One glance at the photo of three egg yolks on the Brownie Points blog this past week is enough to convert almost anyone to fresh eggs from pasture-raised chickens. A deep golden-orange yolk sits between two pale and pathetic-looking specimens (though the others are both organic co-op eggs). These golden eggs are from the Eastside Egg Co-operative in Portland, Oregon.

The egg co-op is an innovative program, spearheaded by Holly and Patrick of the urban homesteading blog Letter from Hen Waller. They announced news of the program back in May, with a blog post titled “Chicken Herders Wanted.” Interested volunteers would sign up for one-hour shifts to take care of the chickens once a week, and would receive a dozen eggs in exchange. There was a work party to build the chicken coop, which is rotated amongst the vegetable fields at Zenger Farm, a six-acre, nonprofit, educational farm in southeast Portland.

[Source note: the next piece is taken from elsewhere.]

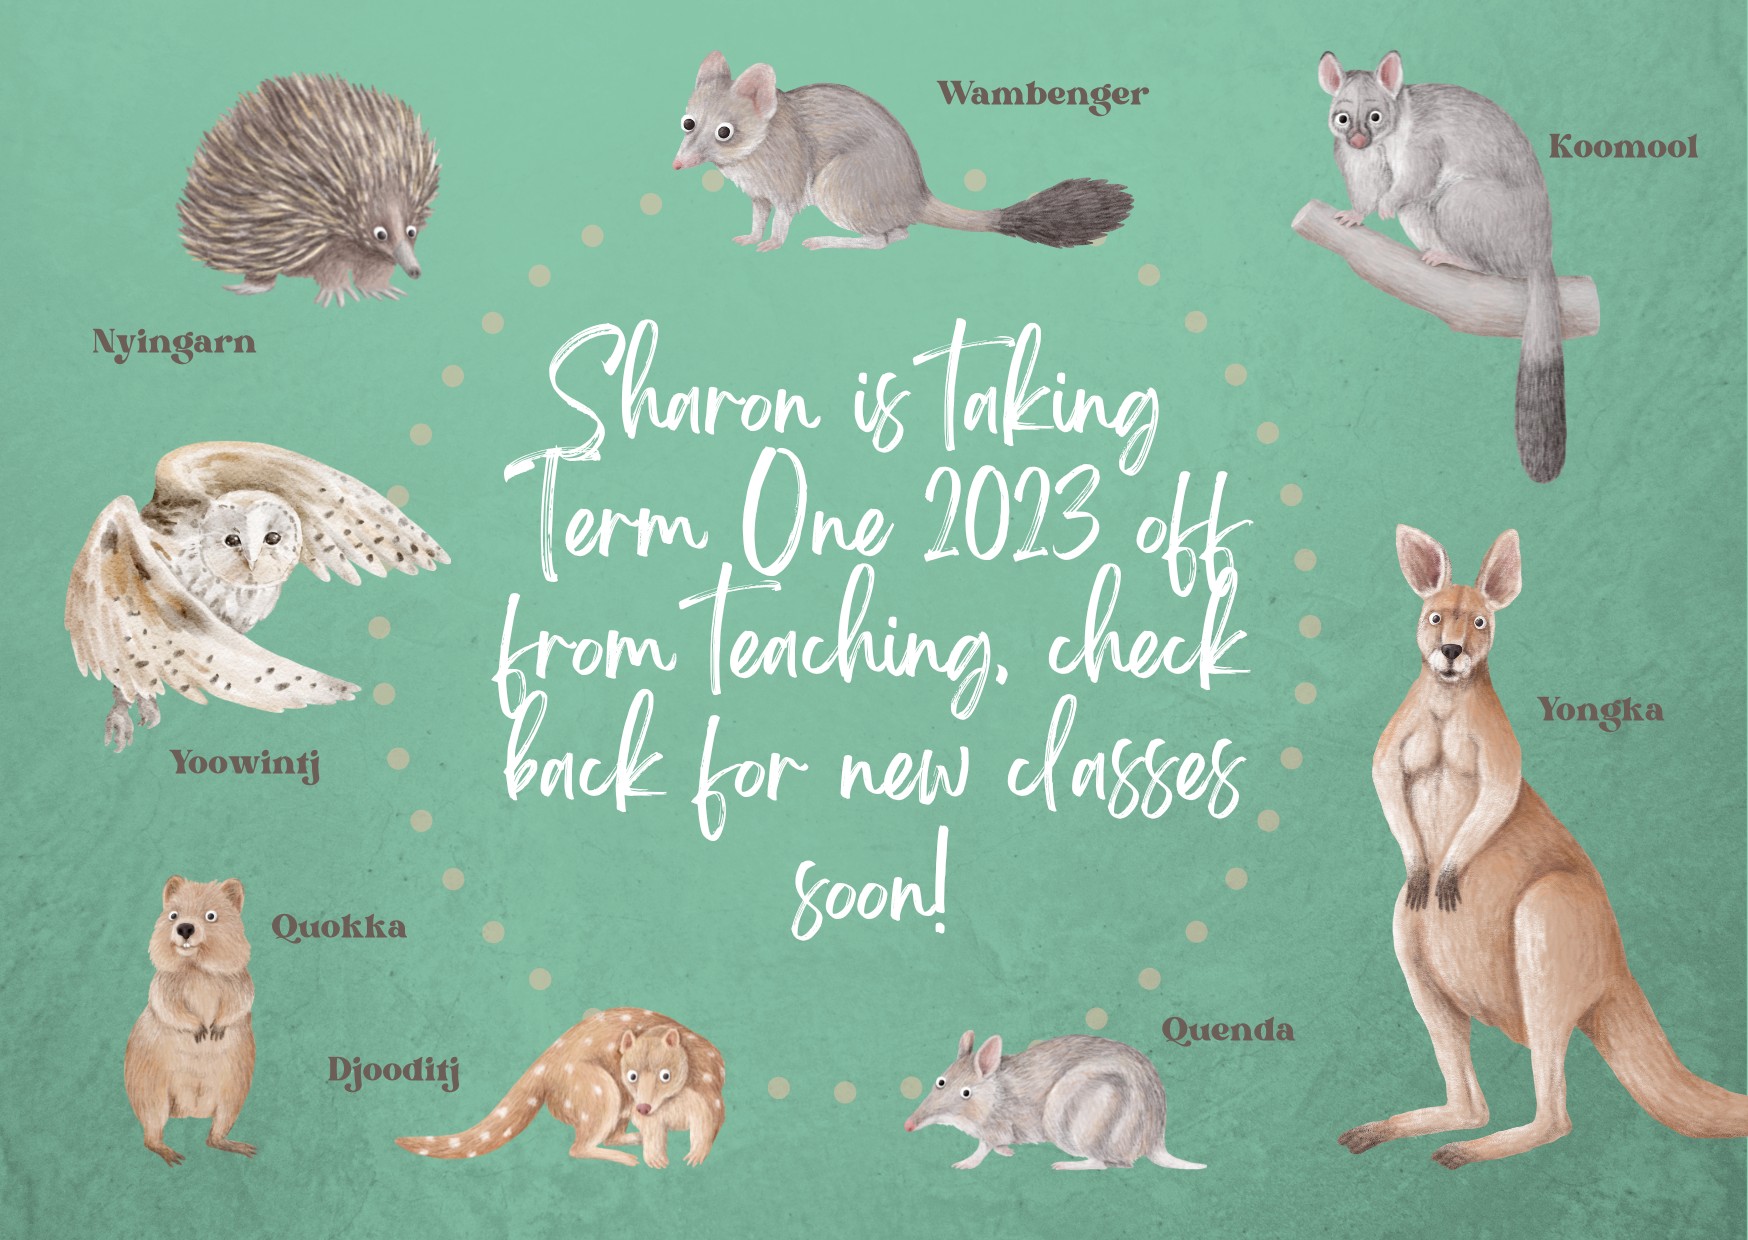 Postcard with text surrounded by native south west animals with their Noongar name typed beside them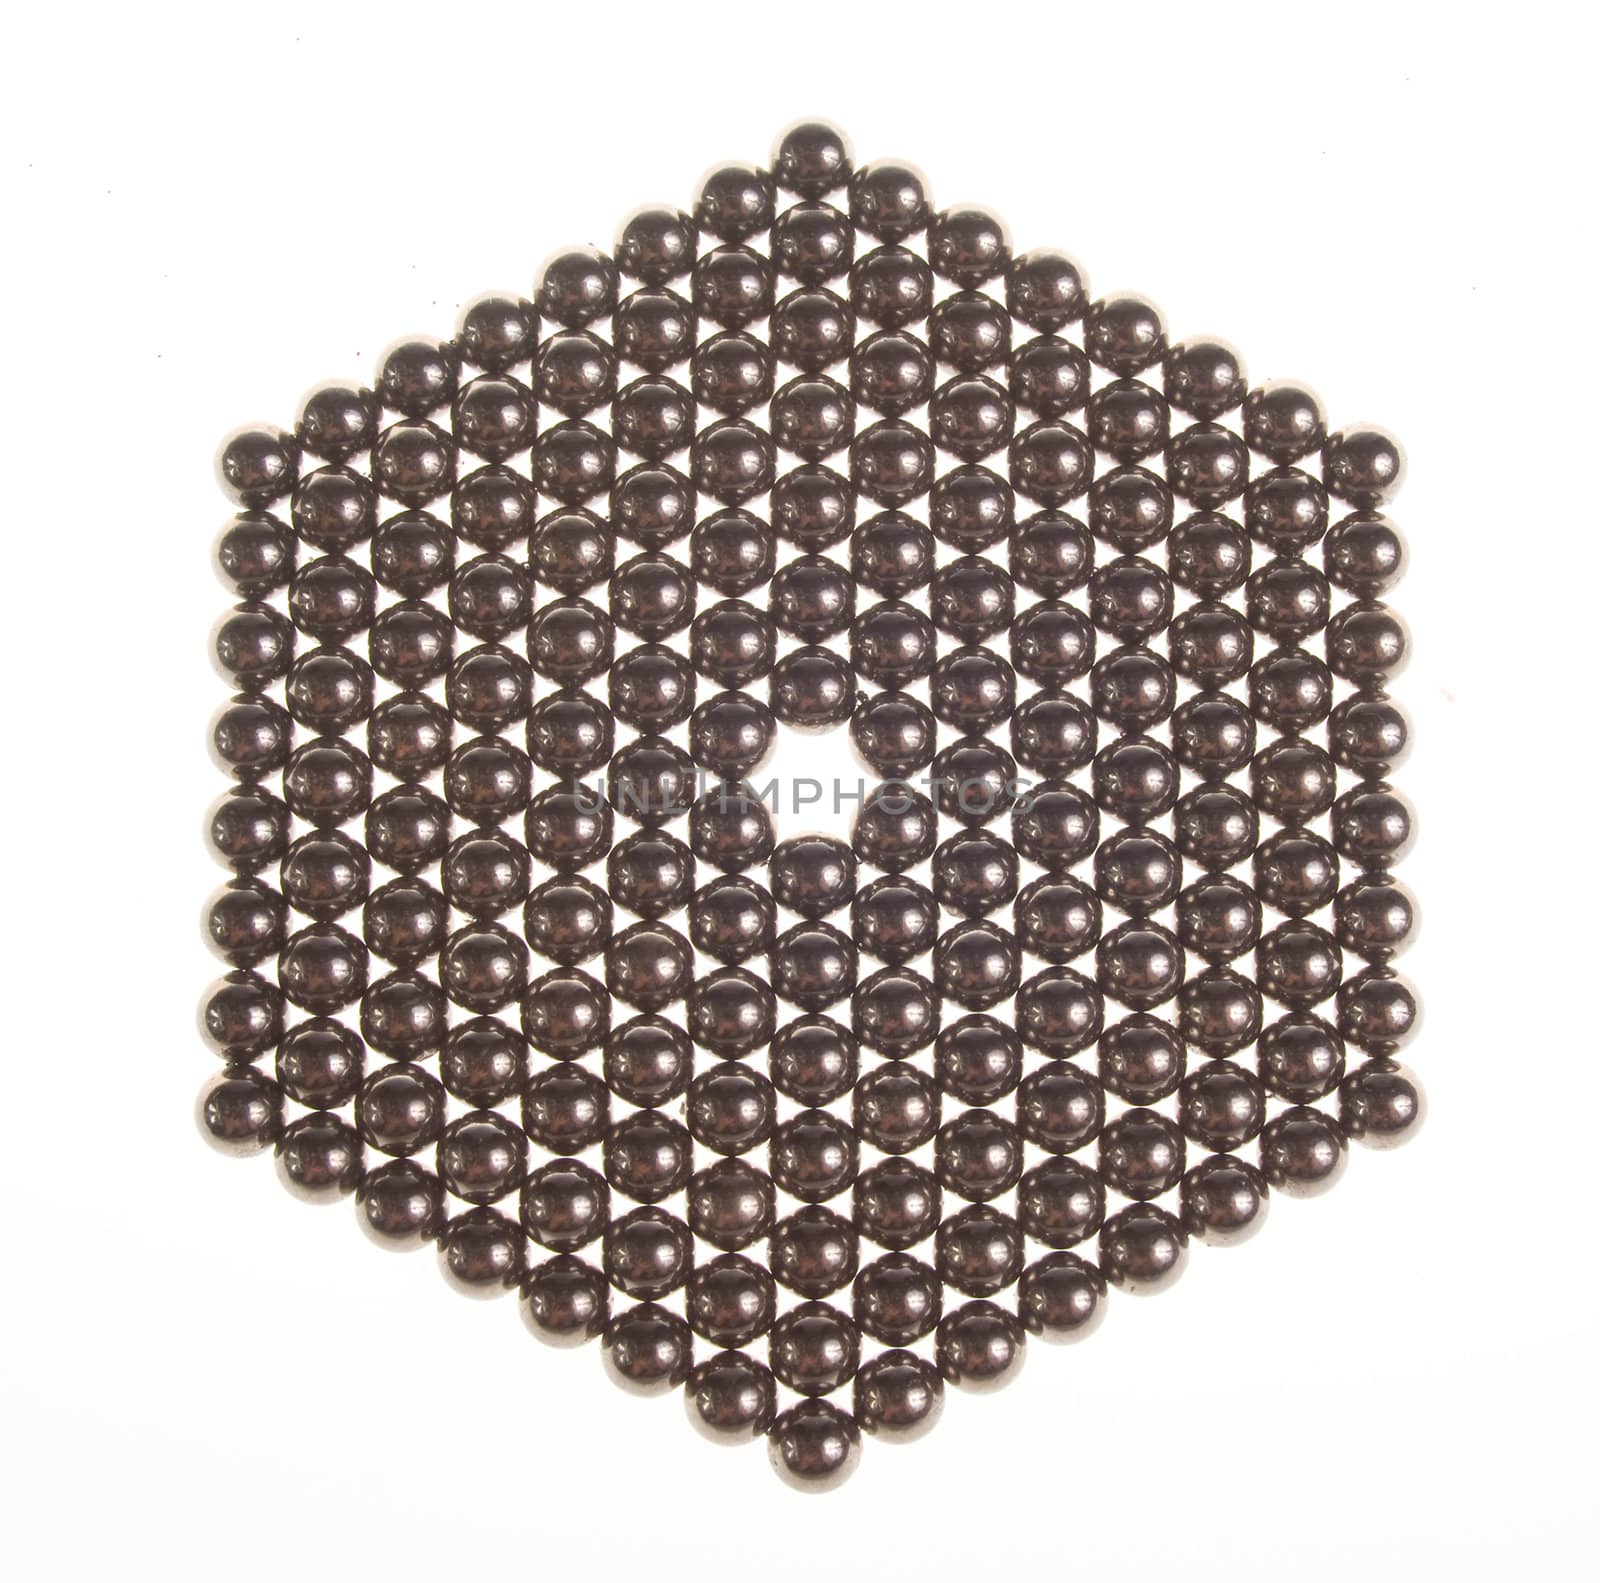 Hexagon of small metal balls on the white background

The excess eggs are sold at local farmers’ markets.

McAuliflower, the blogger behind Brownie Points, isn’t a full-time member of the egg co-op, but she serves as substitute chicken herder when needed. Still, the experience has been an eye-opener for her. “Now I realize what hogwash a label like ‘cage-free’ can be with chickens. The key to these chickens is free-range. Cage-free isn’t good enough for me anymore.”

The Eastside Egg program is an exciting example of what might be possible with urban farming. As Patrick writes on the Hen Waller blog, “This is the farm of the future. It is small; full of a variety of plants and animals; within city limits; on public land; and run by citizen volunteer workers, who produce food for themselves and members of their community.”